Frequent Contributor
Posts: 81

## Re: Restrictions on the choice of observations

Because the second condition is not exist. (2- if in any interval between consecutive days that was less than 15 days the second one should be removed). Where this condition is accepted, we will see the second day for this id (ID=1)should be delete (38-26=12, you see that it is less then 15). In finally only two valid observations will remain within this id, that this is due to the third condition is not acceptable.
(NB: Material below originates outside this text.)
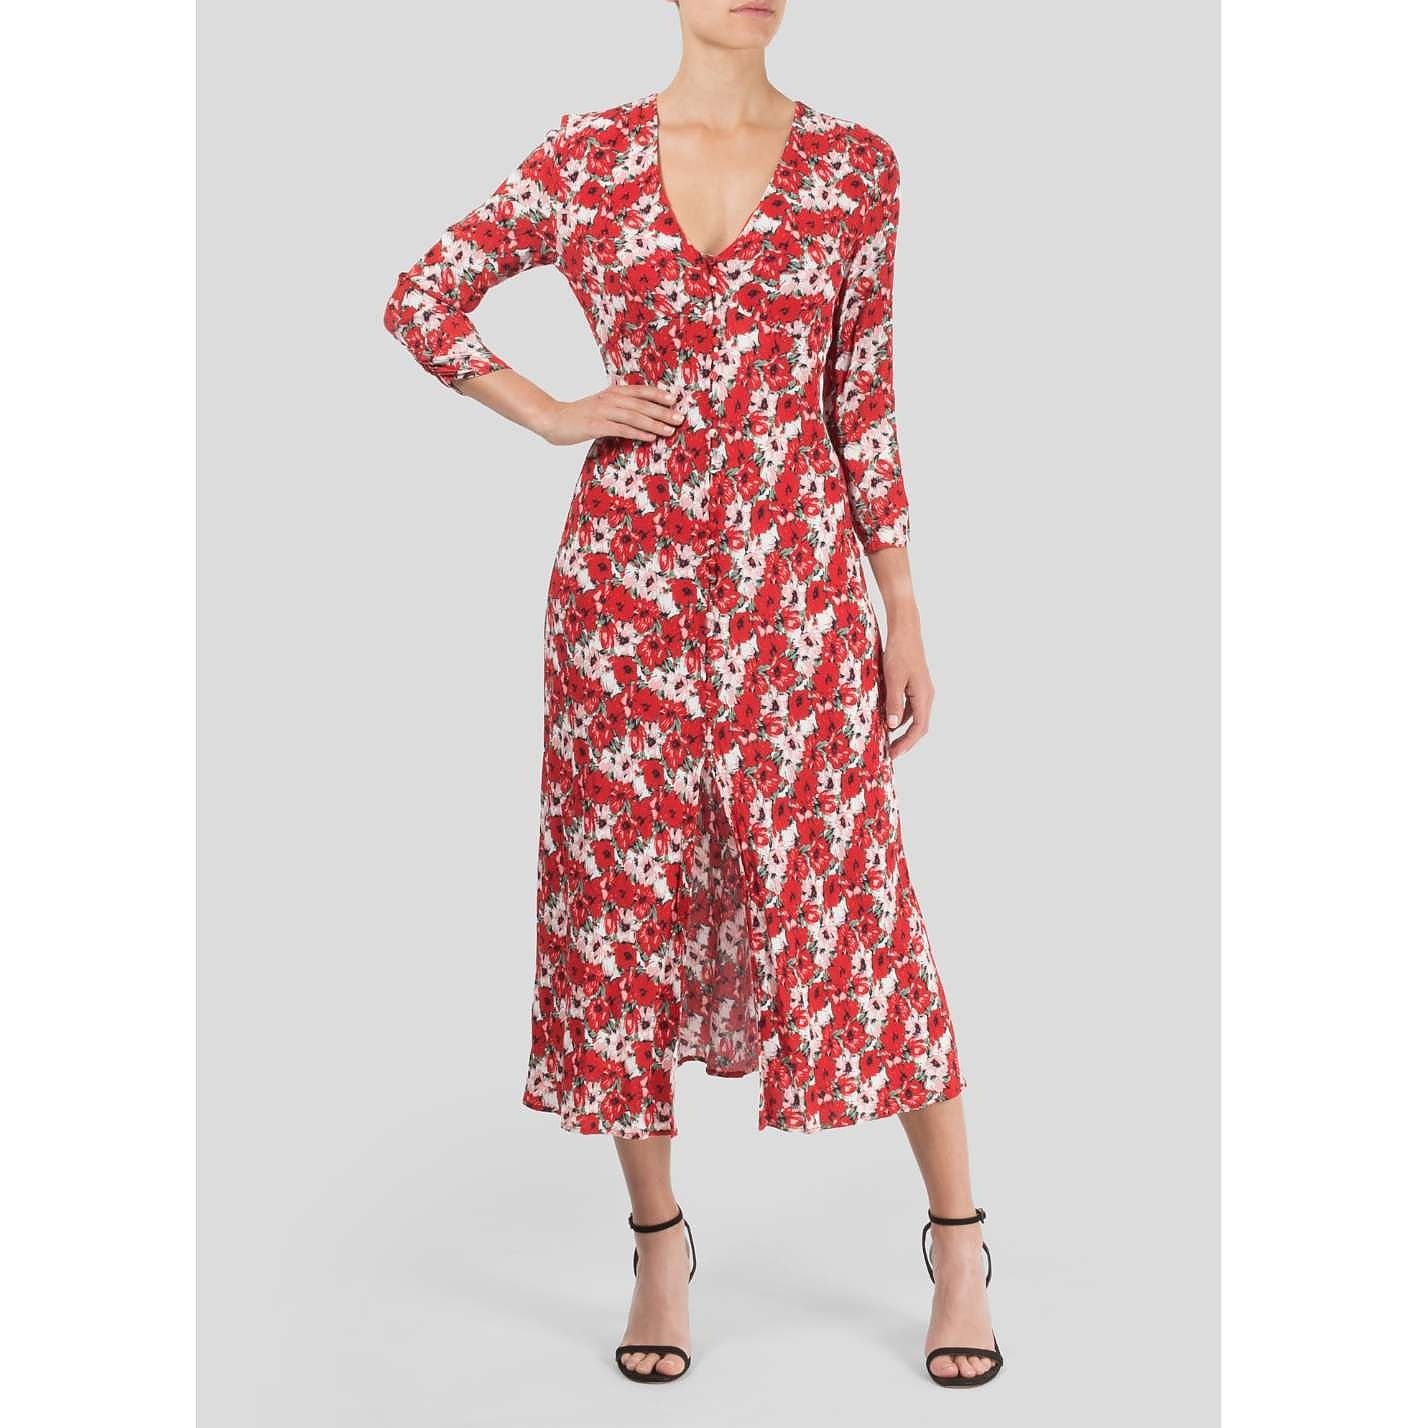 Rixo Katie Floral Dress

So, it should be omitted. zana

Super User
Posts: 23,776

## Re: Restrictions on the choice of observations

Is this a valid statement of your requirements.

1. The first value for day should be <50
2. The last observation is the first where the day value is greater than 100
3. If less than 15 between the day values then the value should not be considered.
4. The ID needs to have 3 or more valid values to be included.
Frequent Contributor
Posts: 81

## Re: Restrictions on the choice of observations

Dear Reeza,

They are true.

The last observation should be more than 100.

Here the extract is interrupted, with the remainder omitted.